**Work order:** From the listing that follows, reproduce only the lines from the one holding "شکل 5- ساز و" through the one holding "Зал ожидания в", both included, with no pictures.

**Material provided:**
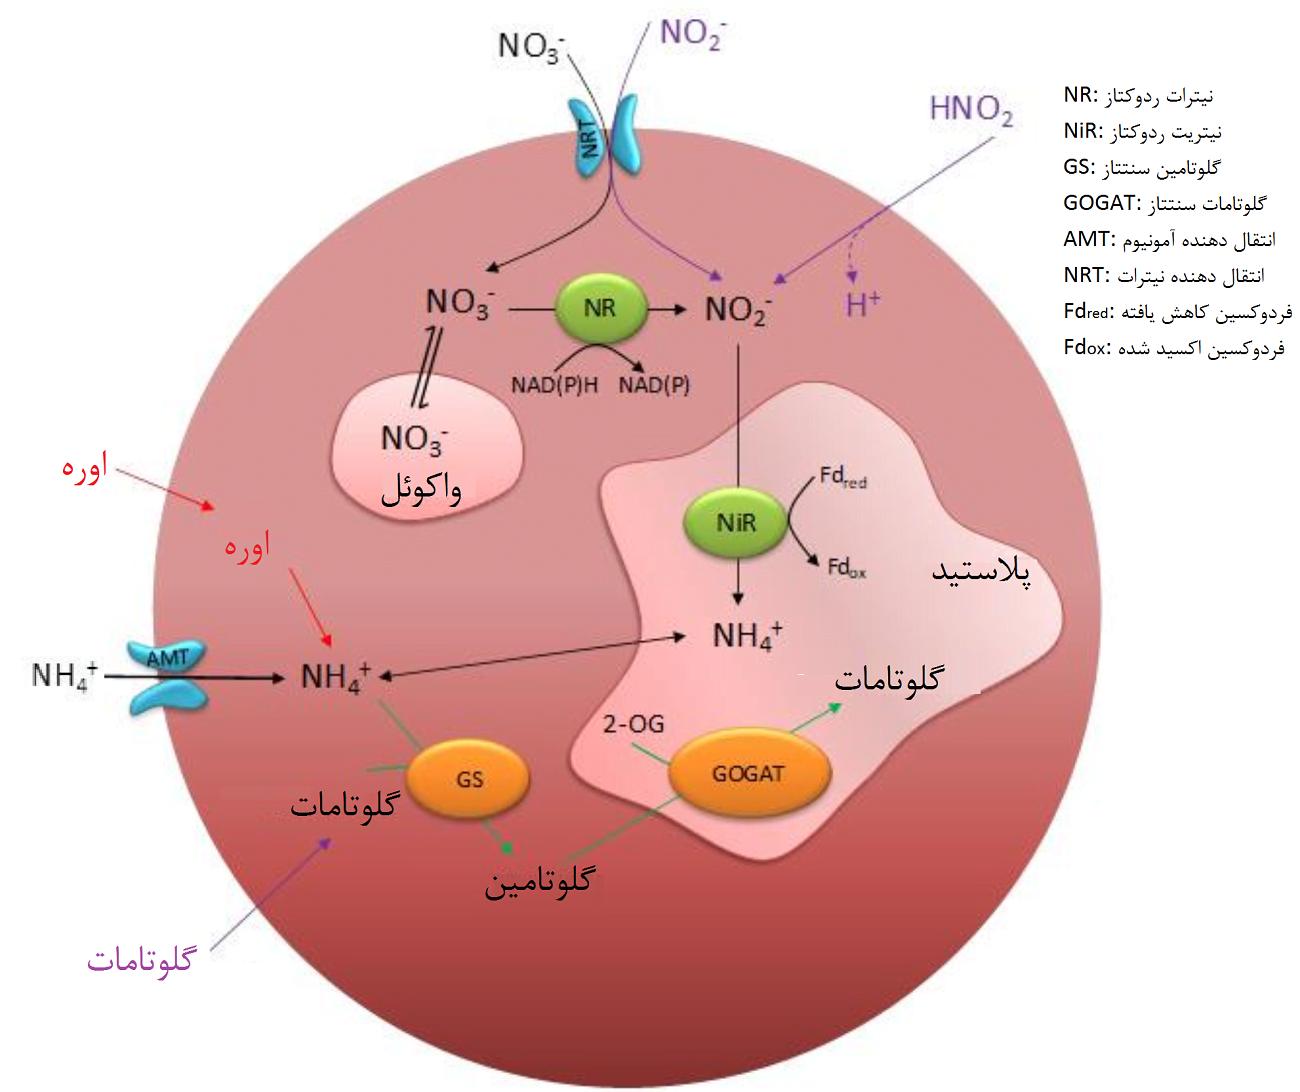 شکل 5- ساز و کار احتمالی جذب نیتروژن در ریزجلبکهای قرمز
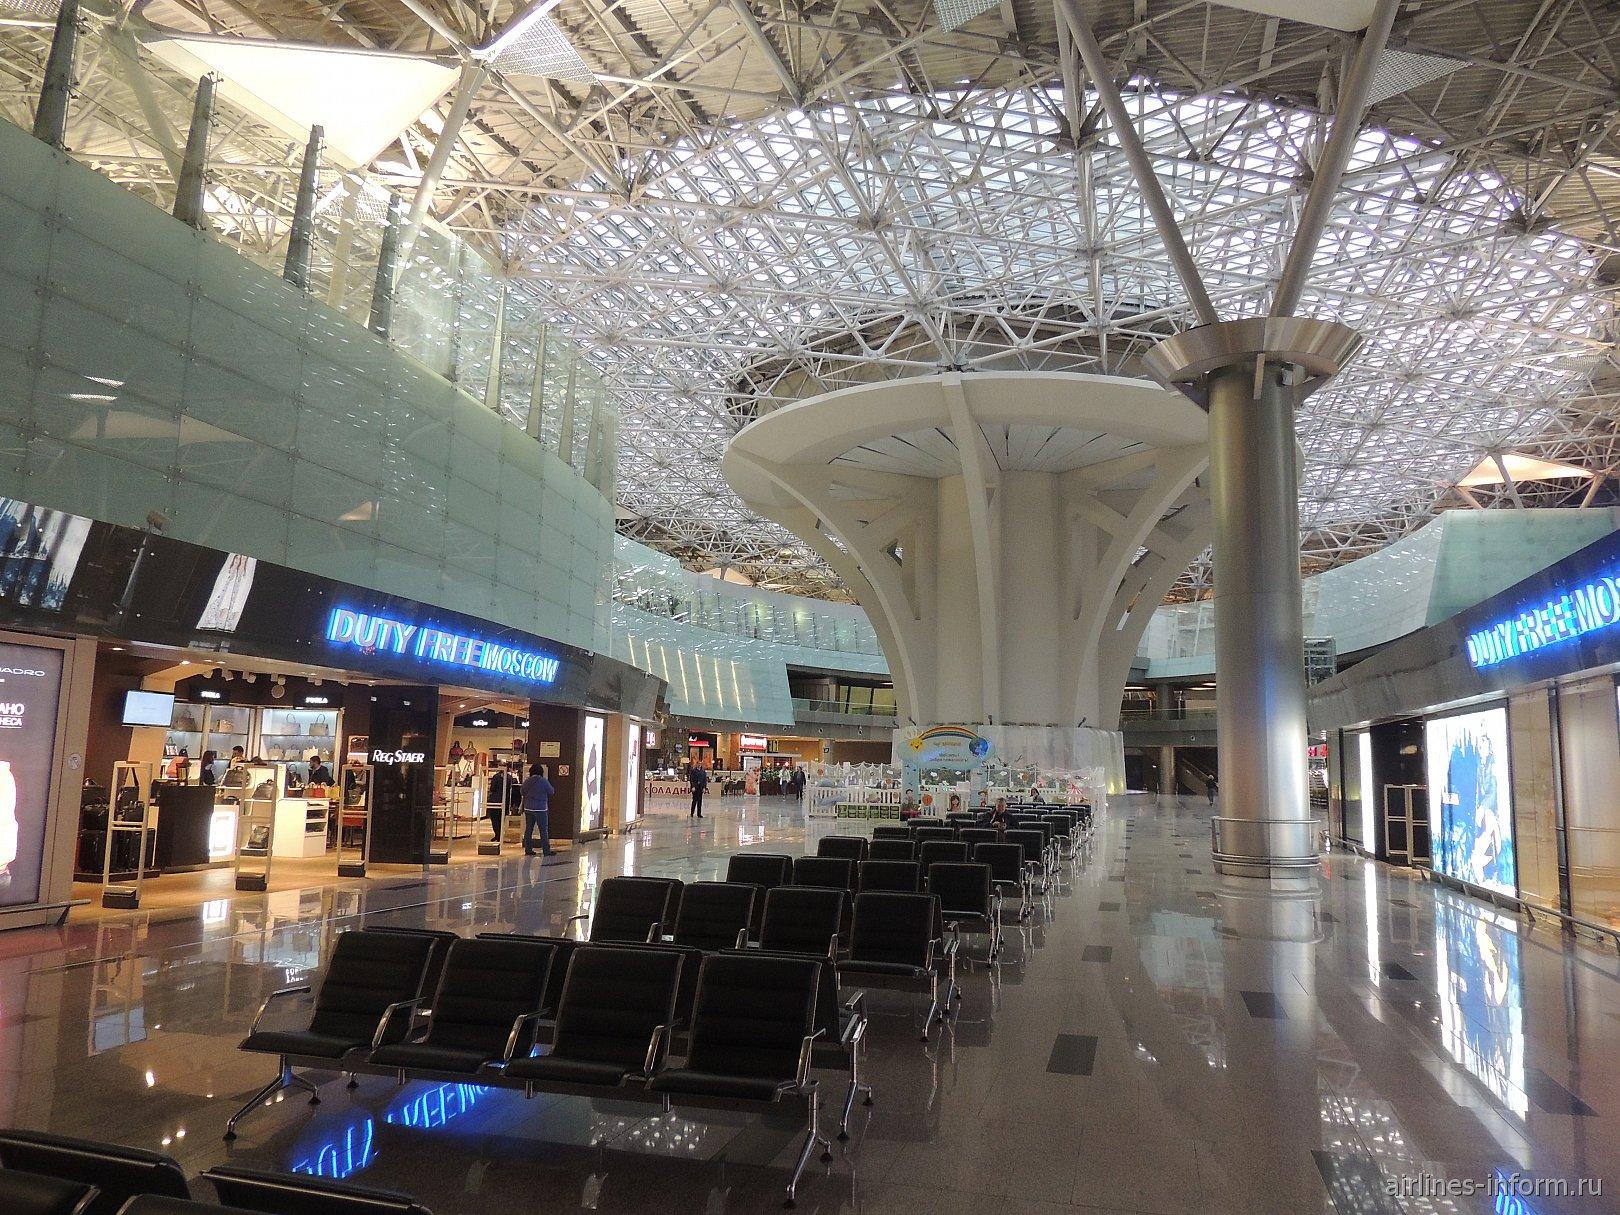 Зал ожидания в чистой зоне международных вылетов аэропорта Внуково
==
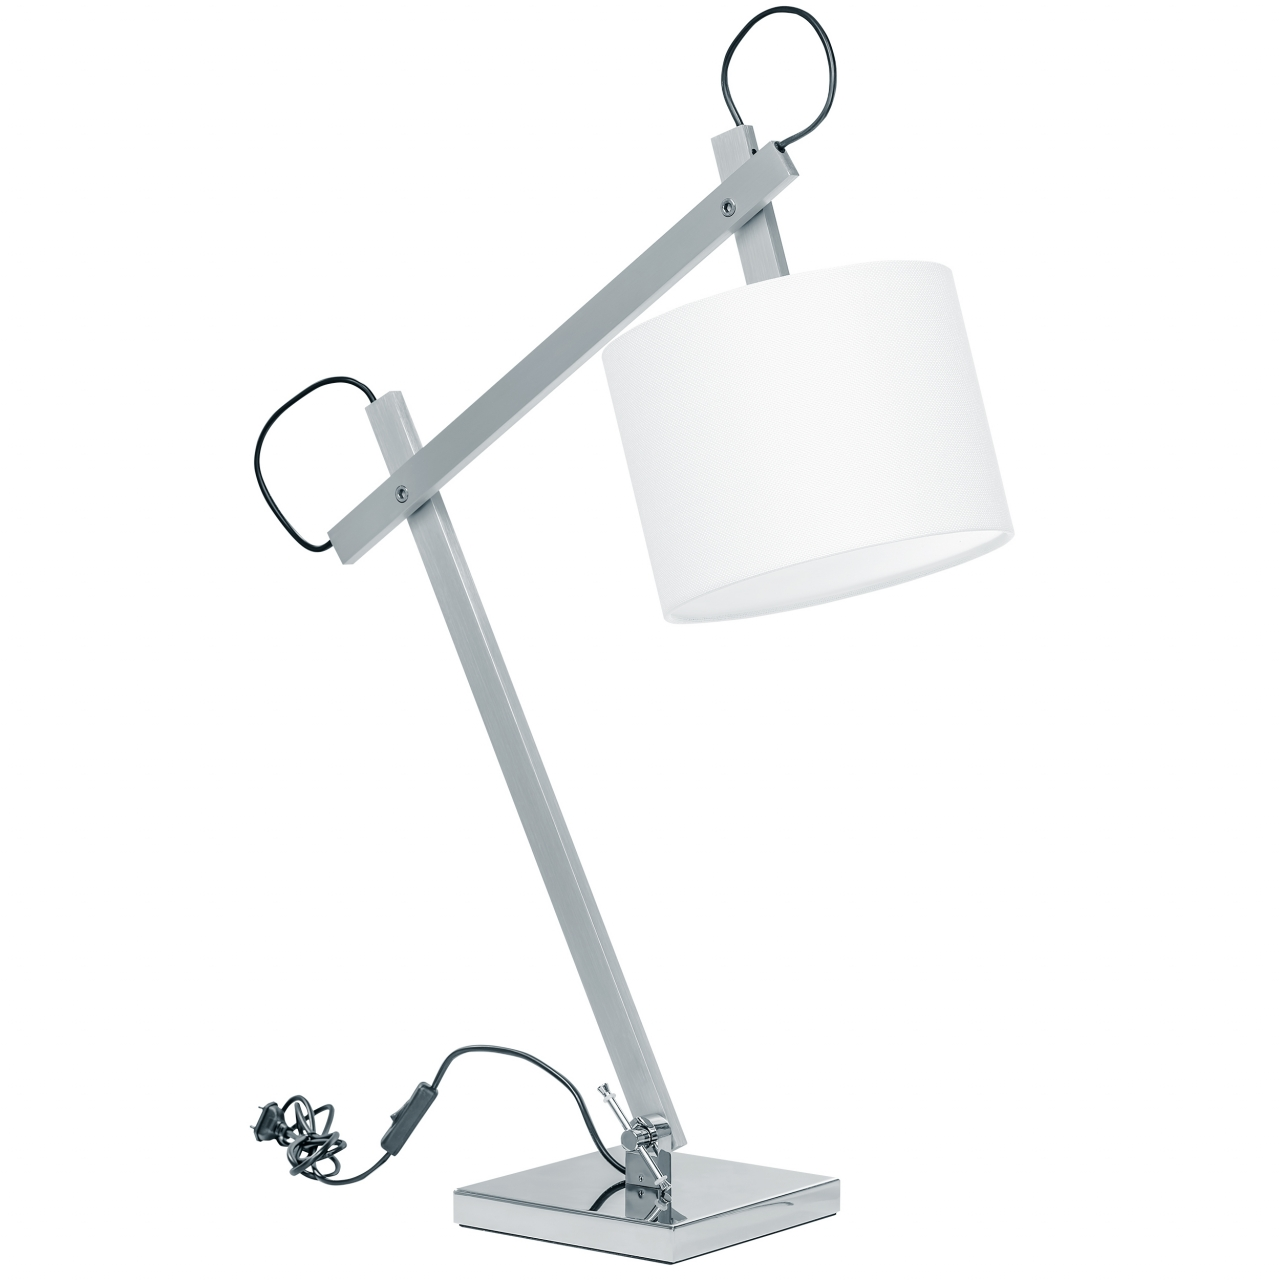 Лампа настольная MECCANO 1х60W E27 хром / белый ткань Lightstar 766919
...
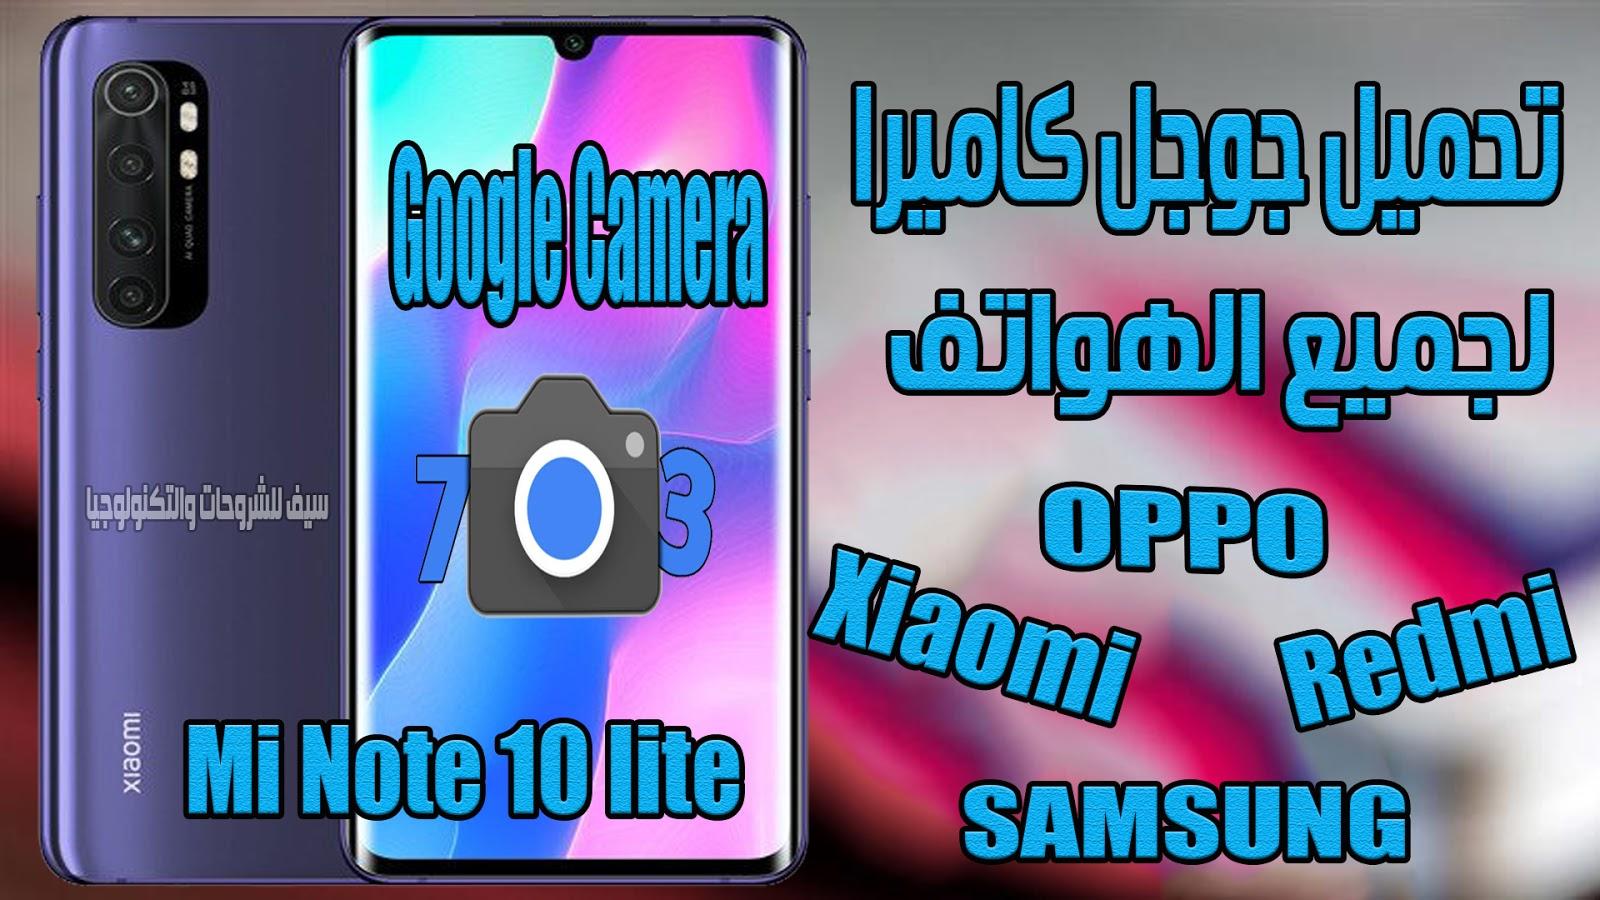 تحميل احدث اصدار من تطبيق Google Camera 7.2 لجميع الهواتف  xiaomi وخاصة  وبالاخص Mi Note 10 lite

**Your solution:**
 شکل 5- ساز و کار احتمالی جذب نیتروژن در ریزجلبکهای قرمز
 Зал ожидания в чистой зоне международных вылетов аэропорта Внуково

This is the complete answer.